Deep Thoughts on In-Between Clothes

As I was gathering my laundry today I realized I need a better plan for my in-between clothes.  These are clothes that I might wear again before I do my laundry.  I have a fabulous  laundry hamper (pictured right.) It is well designed, sturdy,  attractive, and one of Oprah’s favorite things.  What you can’t see in this photo, is that is has a handle and wheels so I can roll it right down to the laundry room. My neighbors frequently ask about where they can acquire one. (If you are interested, you can buy one here)

As fabulous as this laundry hamper is, I don’t want to put anything in it unless I am 100% certain that I will not wear it again before I do my laundry.  I could wear a pair of jeans many times before I wash them.  T-Shirts could get warn twice.  You get the drift.

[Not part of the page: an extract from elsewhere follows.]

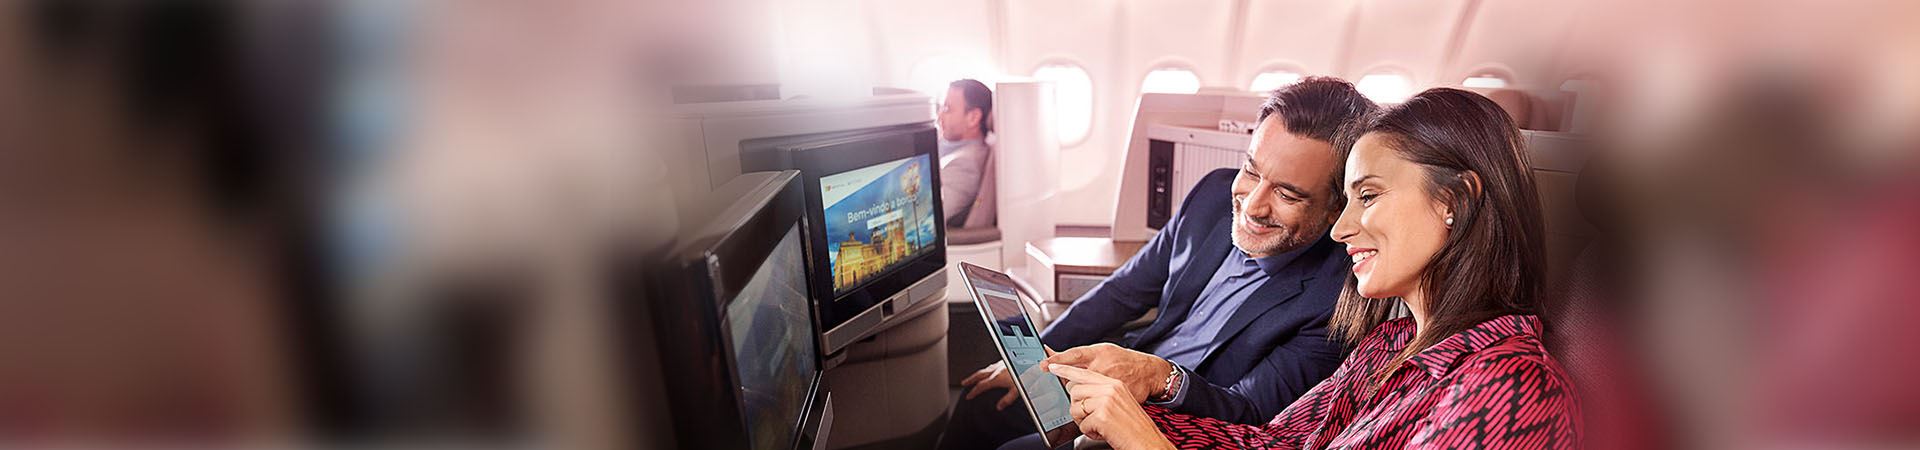 Close de uma mulher sorridente e um homem sorridente sentados em um avião. A mulher está segurando um tablet, e o homem está olhando para ele. Ambos estão apontando para a tela do tablet. Há duas telas na frente deles, embutidas nos assentos do avião.
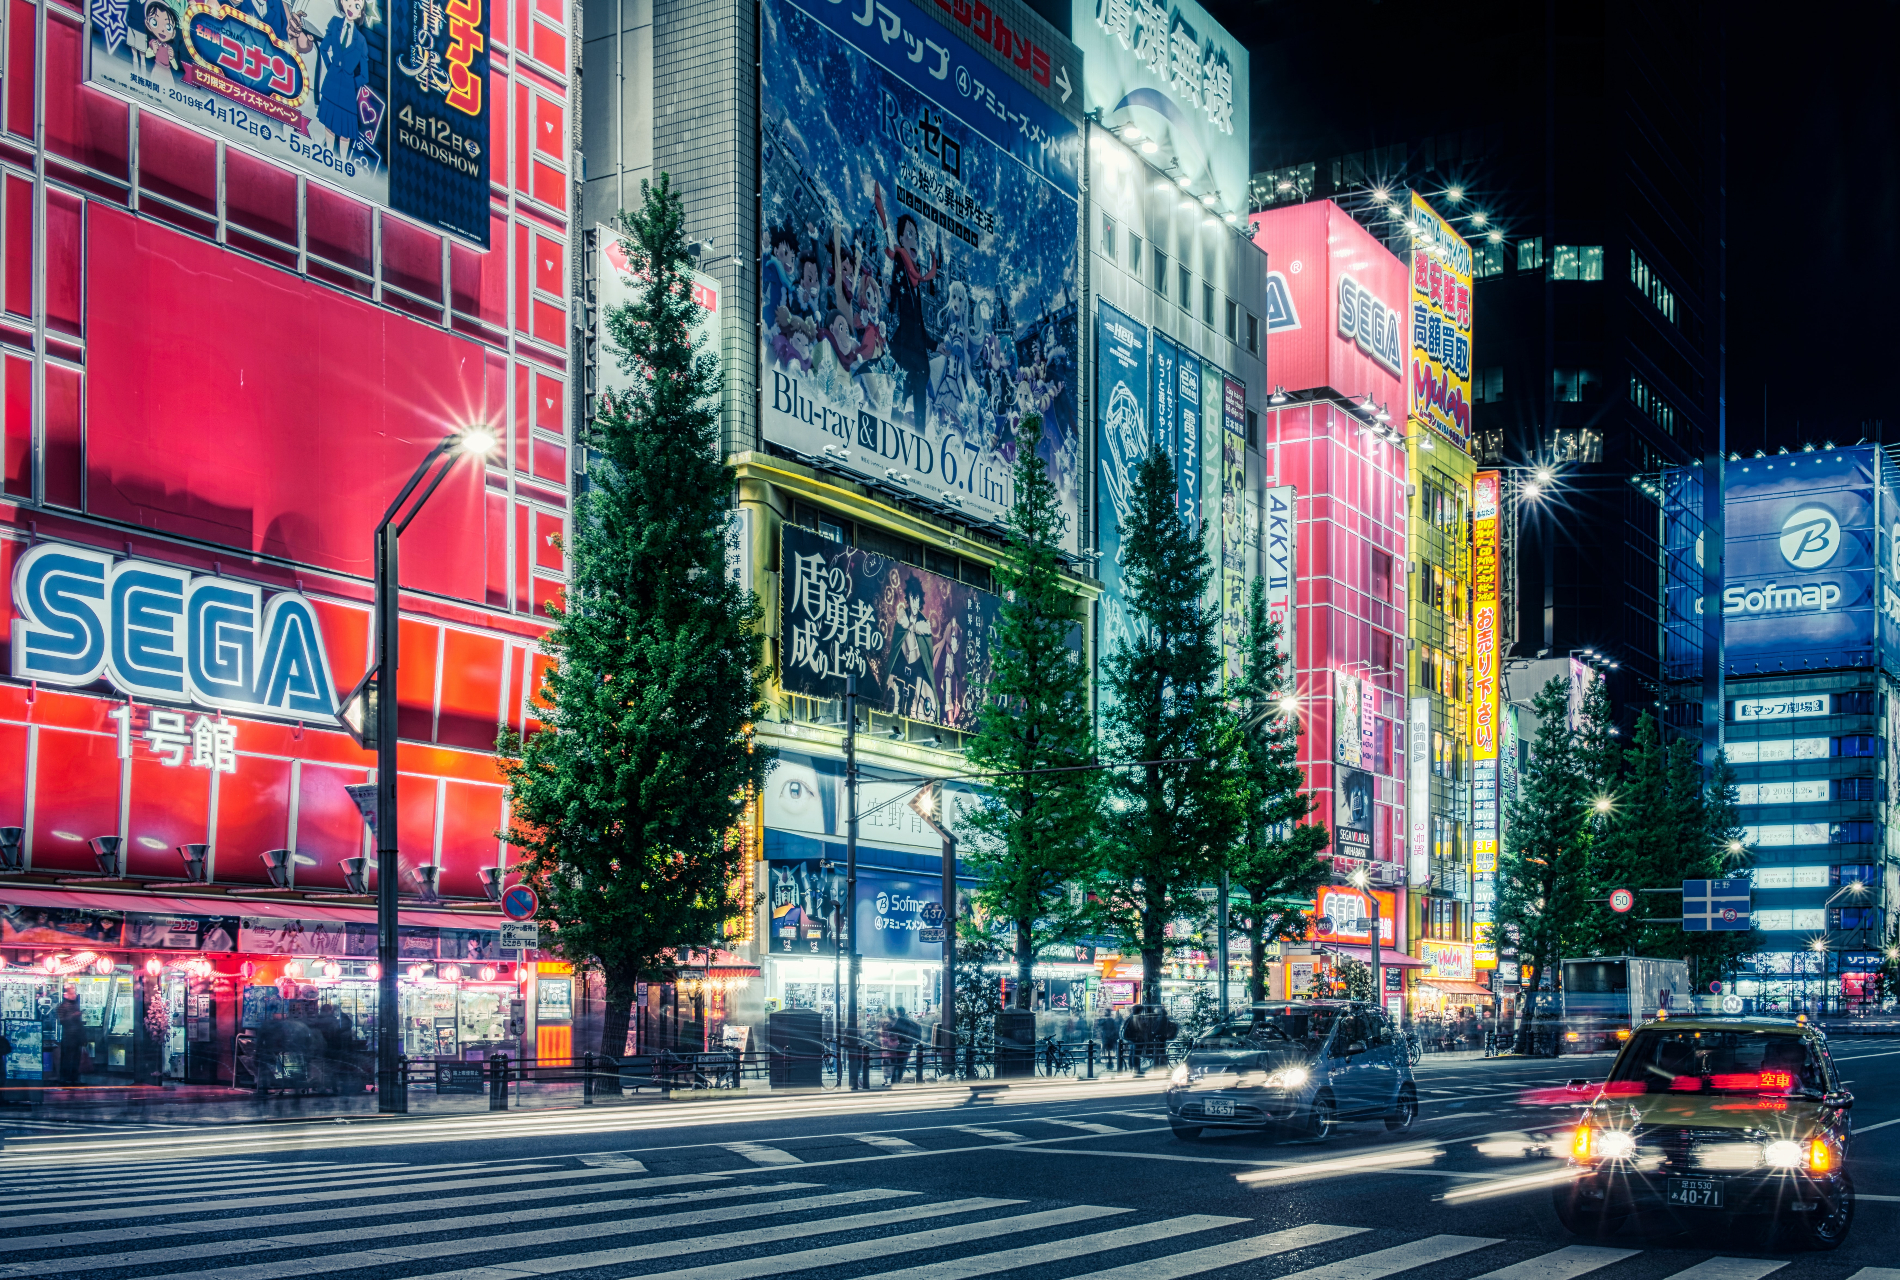 Image of Tokyo at night, Akihabara to be exact

But I also refuse to put clothing I have warn back in with my clean clothes.  Besides the fact that the clean clothes would be contaminated, I could forget to take them back out when I do my laundry!  When the laundry is done, I want every article of clothing in my house to be clean (except the laundry outfit unfortunately.)  A clean slate.  My heart sinks when I realize I forgot to put something in the wash.  Sometimes, I will actually hand wash it so I can have my clean slate :).

Because of these neuroses I have about the laundry, I have piles of in-between clothes on the floor in my room and on the floor of my closet.  Everything is out where I can see it, so I don’t forget to wash it and I know what I should wear again before I take out something new. It’s ridiculous.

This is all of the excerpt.